Socialista Morena
Direitos Humanos

Morrer faz parte da vida, mas morrer baleado fazendo um café na cozinha é o quê?

No Brasil, morrer deixou de ser um ato isolado para virar um número frio, uma manchete óbvia, um fato corriqueiro

Eunice Veiga, que morreu de bala perdida quando estava na cozinha
Willian Novaes
16 de dezembro de 2020, 16h42

Morrer faz parte da vida. Morrer é o que sabemos que vai acontecer.

Para morrer precisamos viver. Sorrir, cantar, pular, dançar, comer, rezar, andar de moto e amar. Morrer é o final de cada um. Sem saída, sem fuga, sem escapatória, sem chance de dar um perdido.

Morrer na cozinha de casa fazendo um café é o quê? Morrer na esquina da sua rua com um tiro na cabeça quando você passava de moto? Morrer no quintal de casa, com uma bala que faz arder todo o seu corpo, e aê?
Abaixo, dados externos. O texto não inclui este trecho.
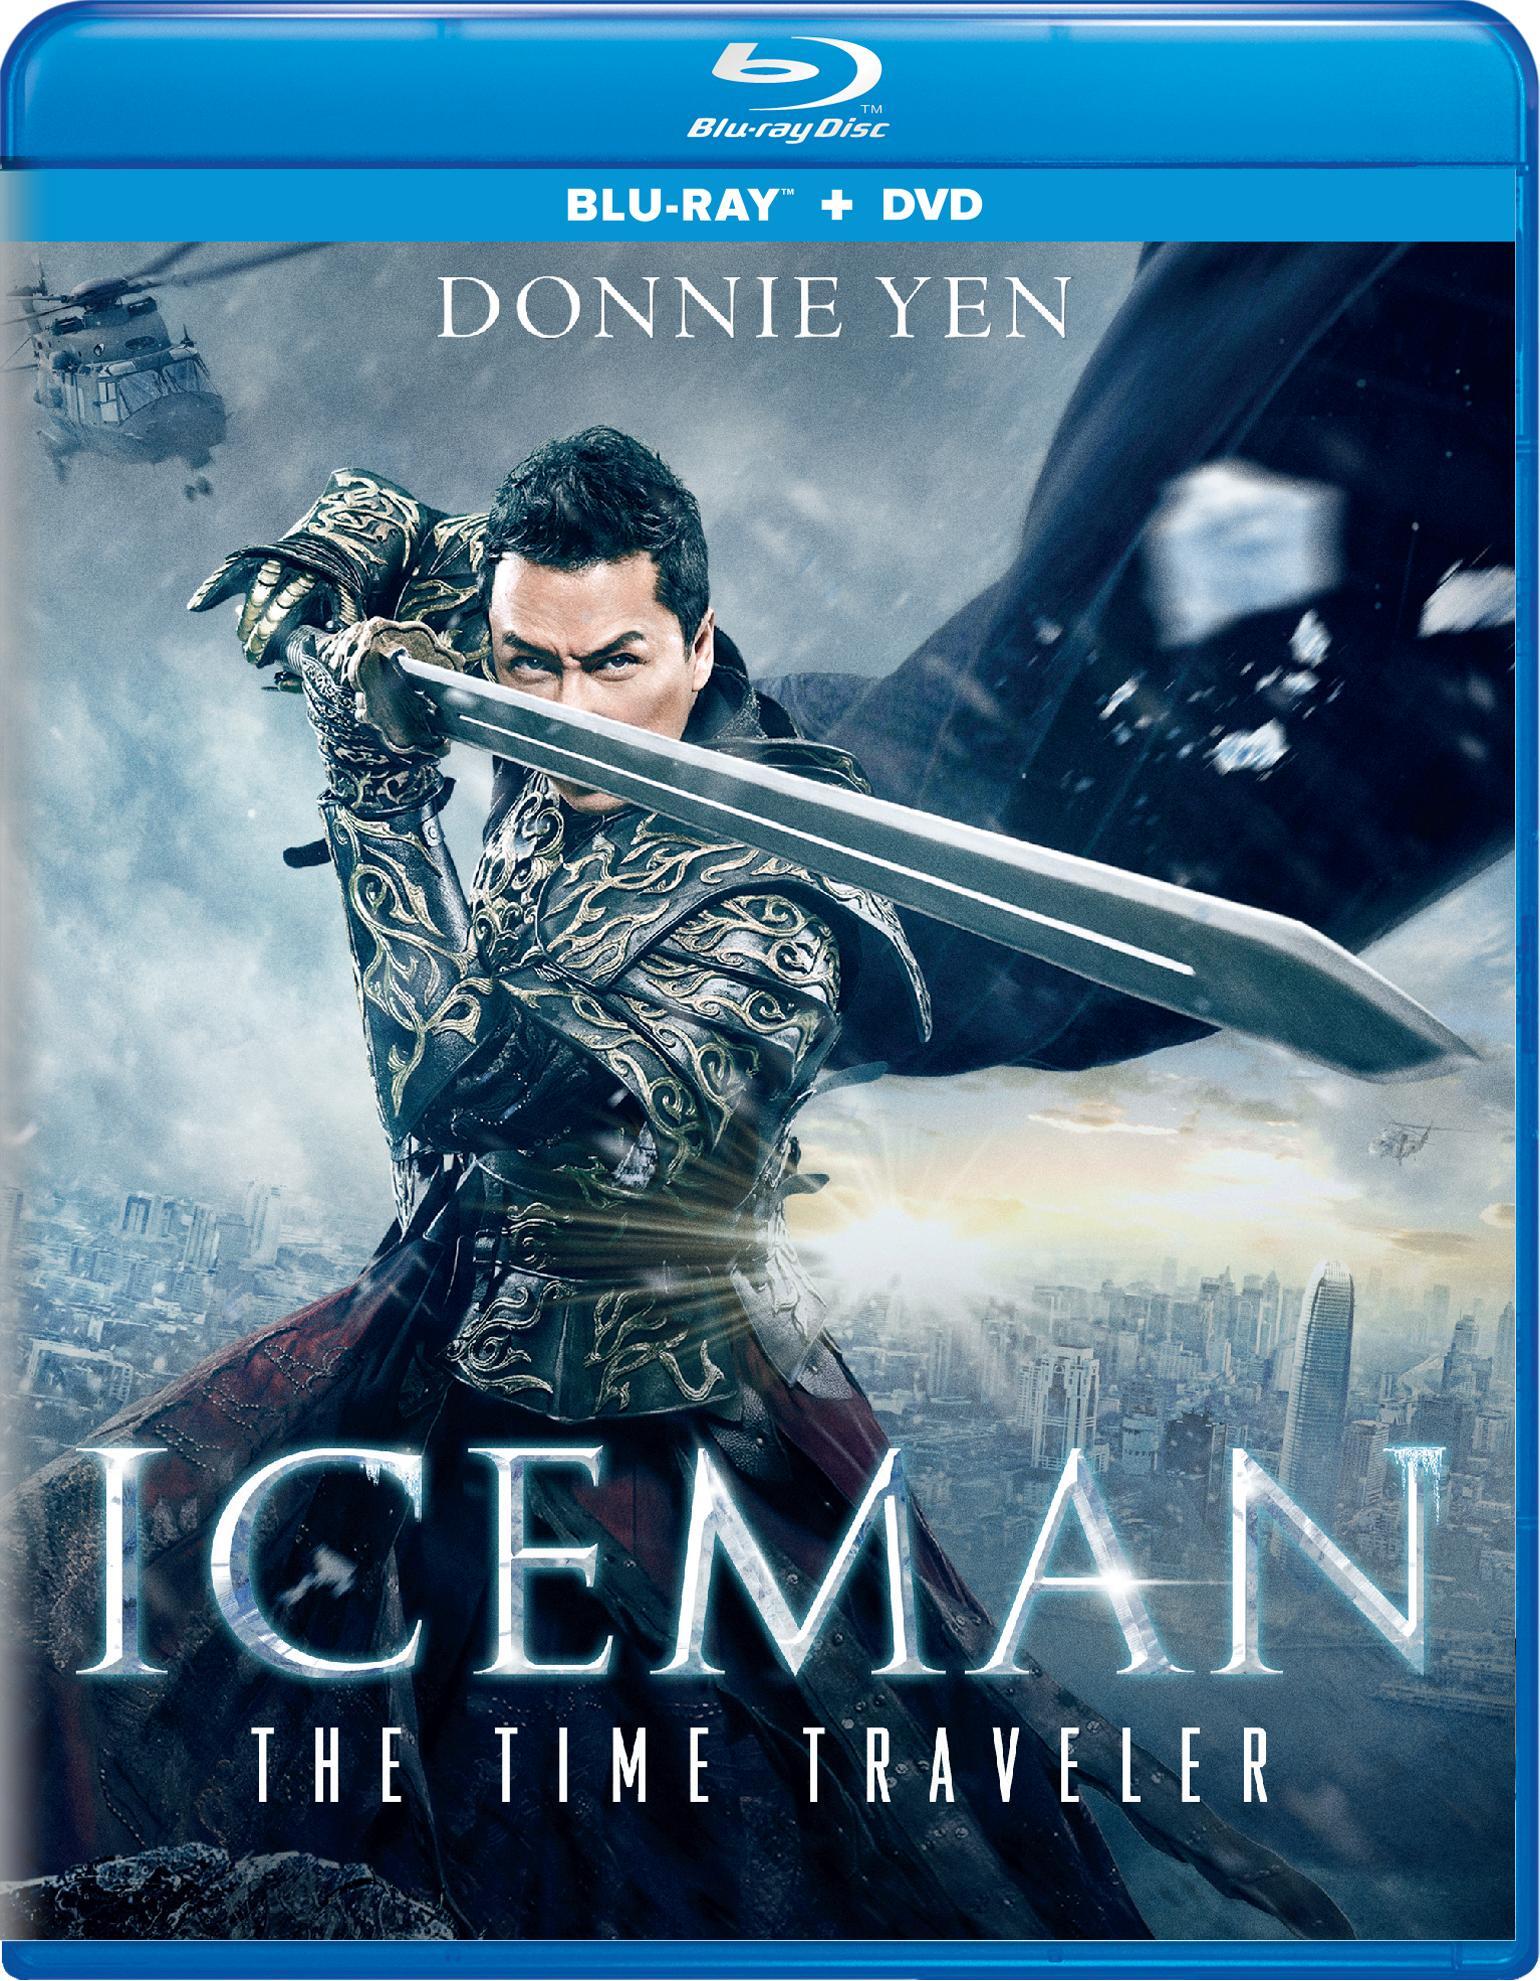 Buy Iceman: The Time Traveler with DVD Blu-ray | GRUV

Não sofrer, não revidar, não se revoltar, mostra que você também já conta com uma boa parte do seu coração morto, sem fé, sem dor, sem sangue, também sem uma enfermidade, mas com a apatia cruel da normalidade

Barbárie, caos, inferno. Difícil responder tudo isso sem se indignar, sem machucar, sem chorar e sem sofrer. Morrer é o futuro, morrer no presente, ninguém merecia tal descaso, tal desprezo, tal fato.

O fim da vida é o começo do sofrimento de alguém, de um pai, de uma mãe, de um vizinho, de uma amiga. Todos os dias morremos juntos com o genocídio de nosso povo, preto, pobre, periférico, brasileiro.

Morrer deixou de ser um ato isolado para virar recordes de estatísticas, tristezas, um número frio, uma manchete óbvia, um fato corriqueiro.

Não sofrer, não revidar, não se revoltar, mostra que você também já conta com uma boa parte do seu coração morto, sem fé, sem dor, sem sangue, também sem uma enfermidade, mas com a apatia cruel da normalidade que tanto vemos do lado de fora das nossas casas.